Return all the lines below exactly. Any picture among them is omitted.

Information provided
+--
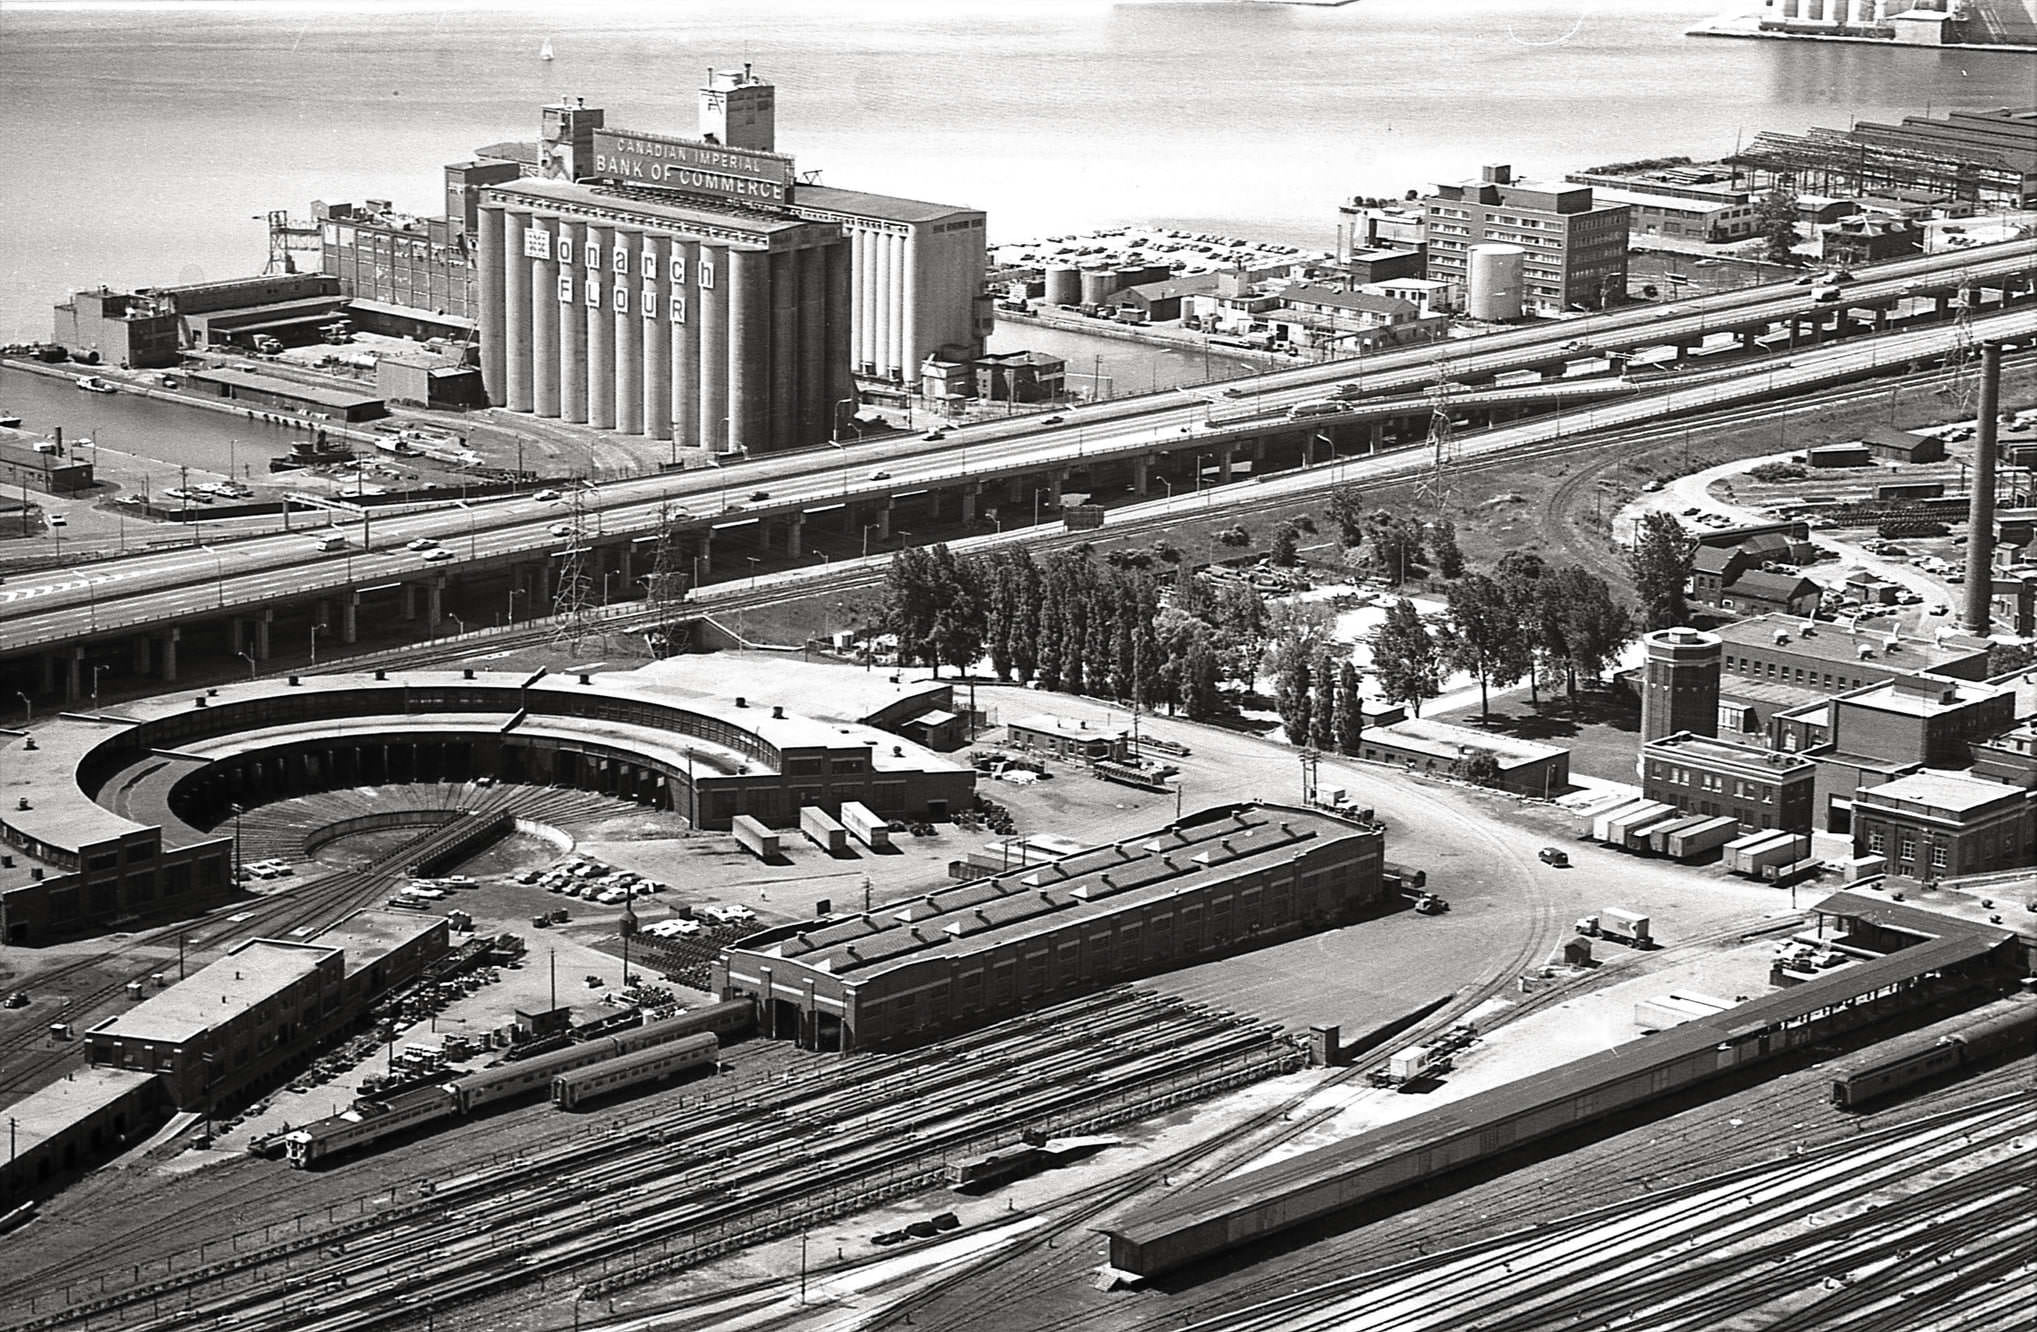 One for the railfans. John Street Roundhouse, late 1960s
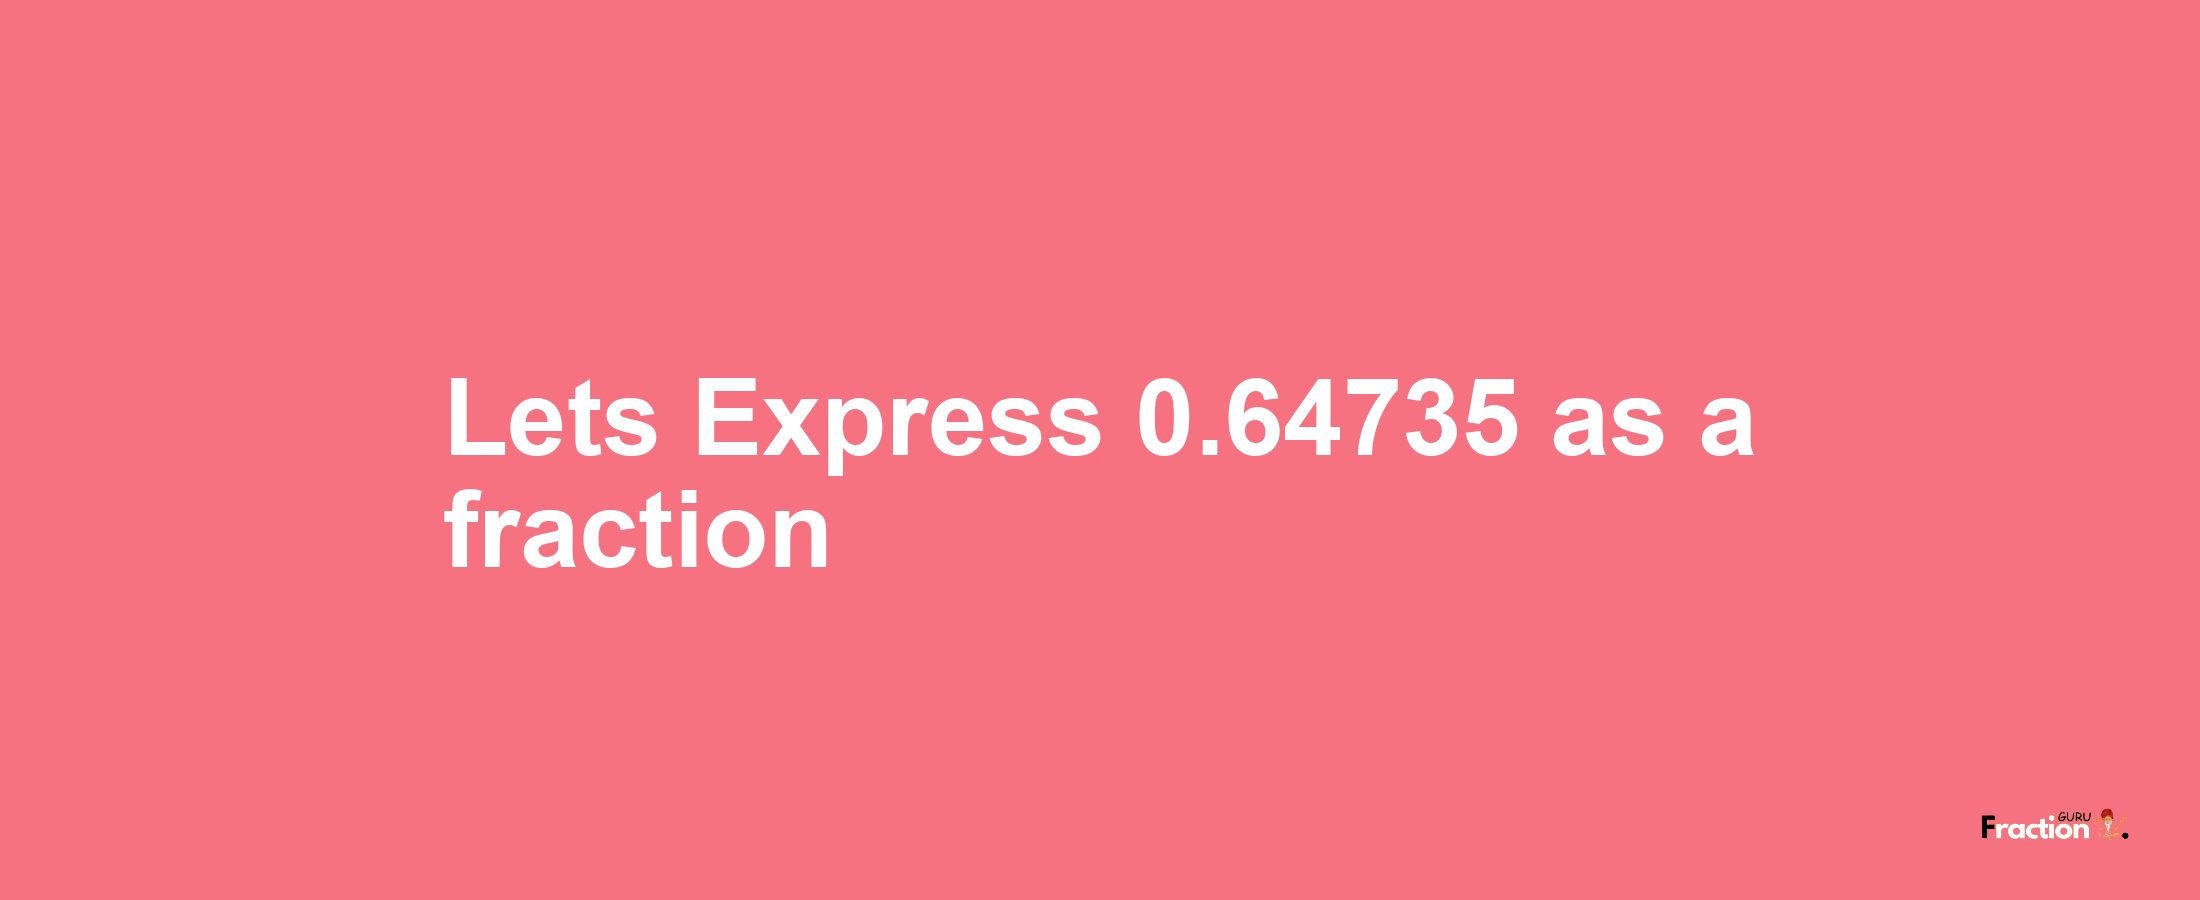 Lets Express 0.64735 as afraction
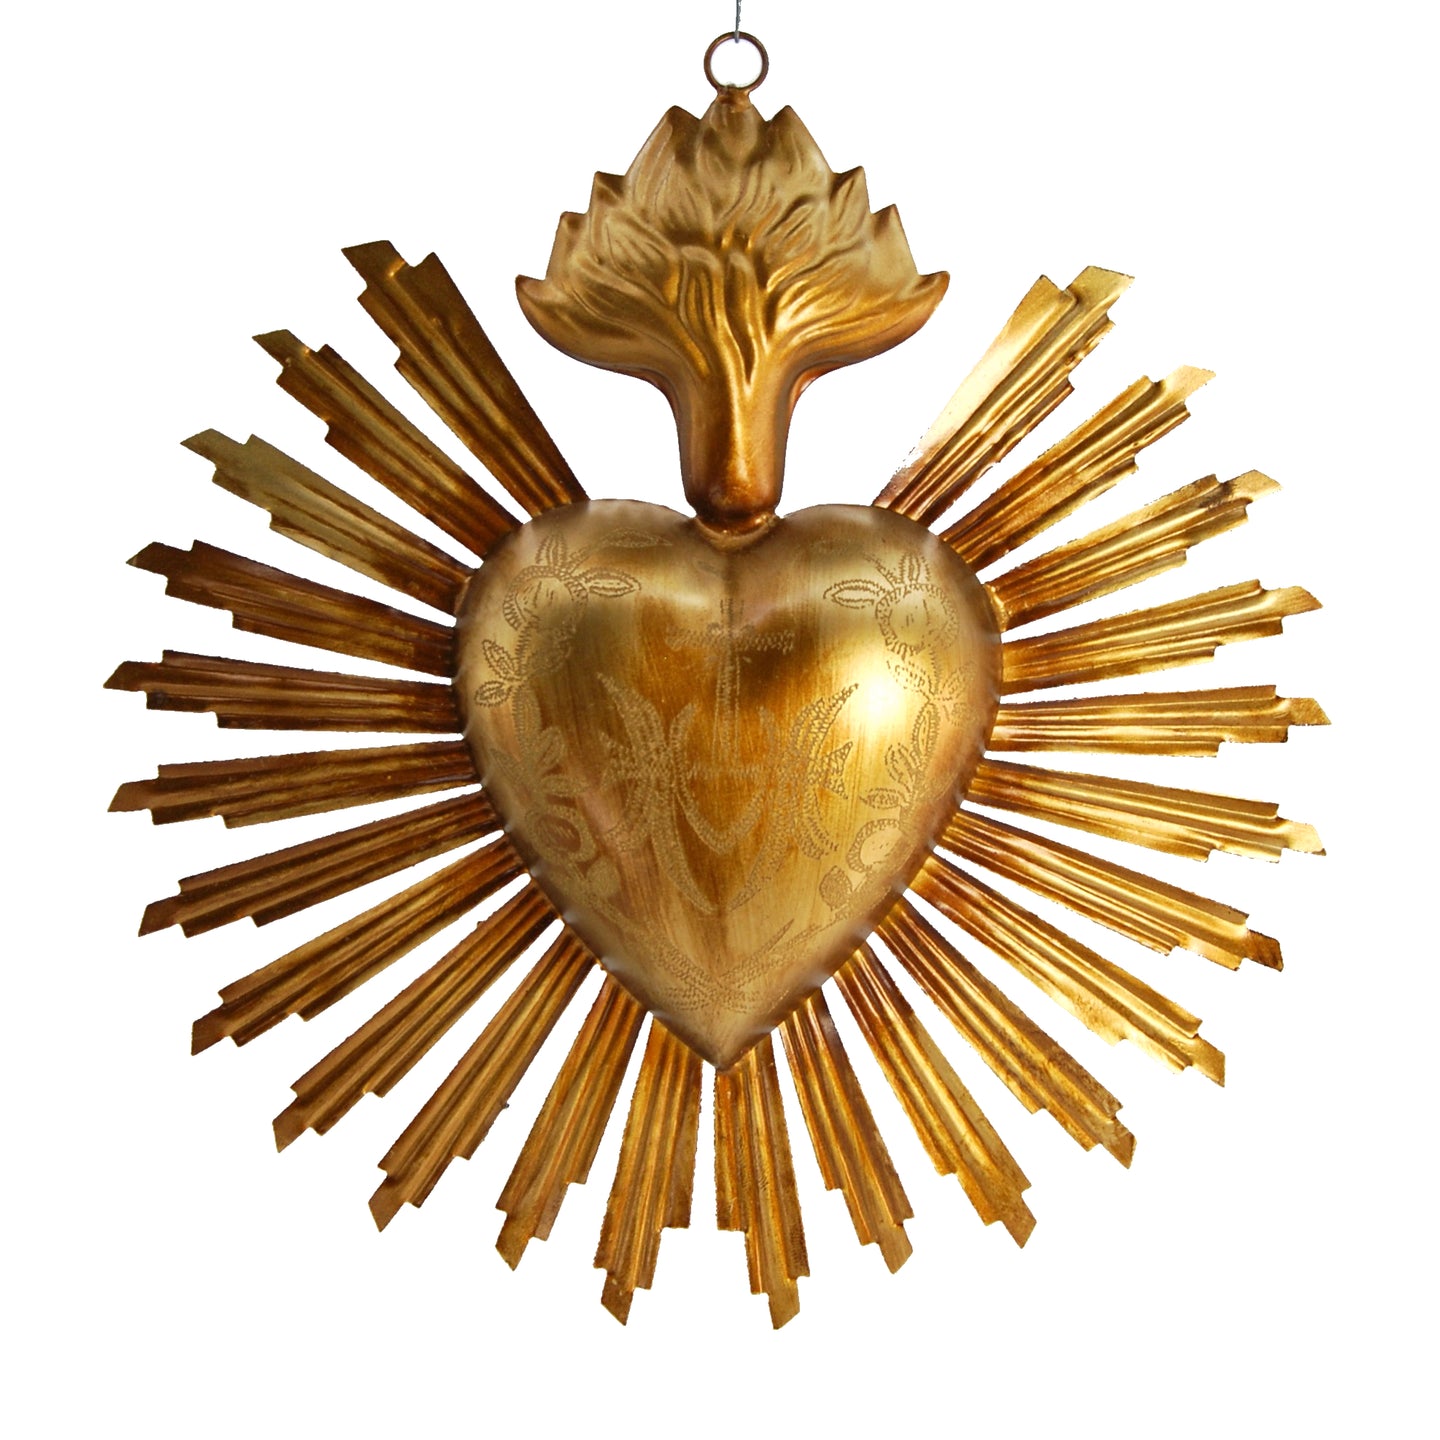 Sacred Heart Ex Voto with Sunray Halo, Antiqued Brass Wall Hanging
+--
Answer space
 One for the railfans. John Street Roundhouse, late 1960s
 Lets Express 0.64735 as afraction
 Sacred Heart Ex Voto with Sunray Halo, Antiqued Brass Wall Hanging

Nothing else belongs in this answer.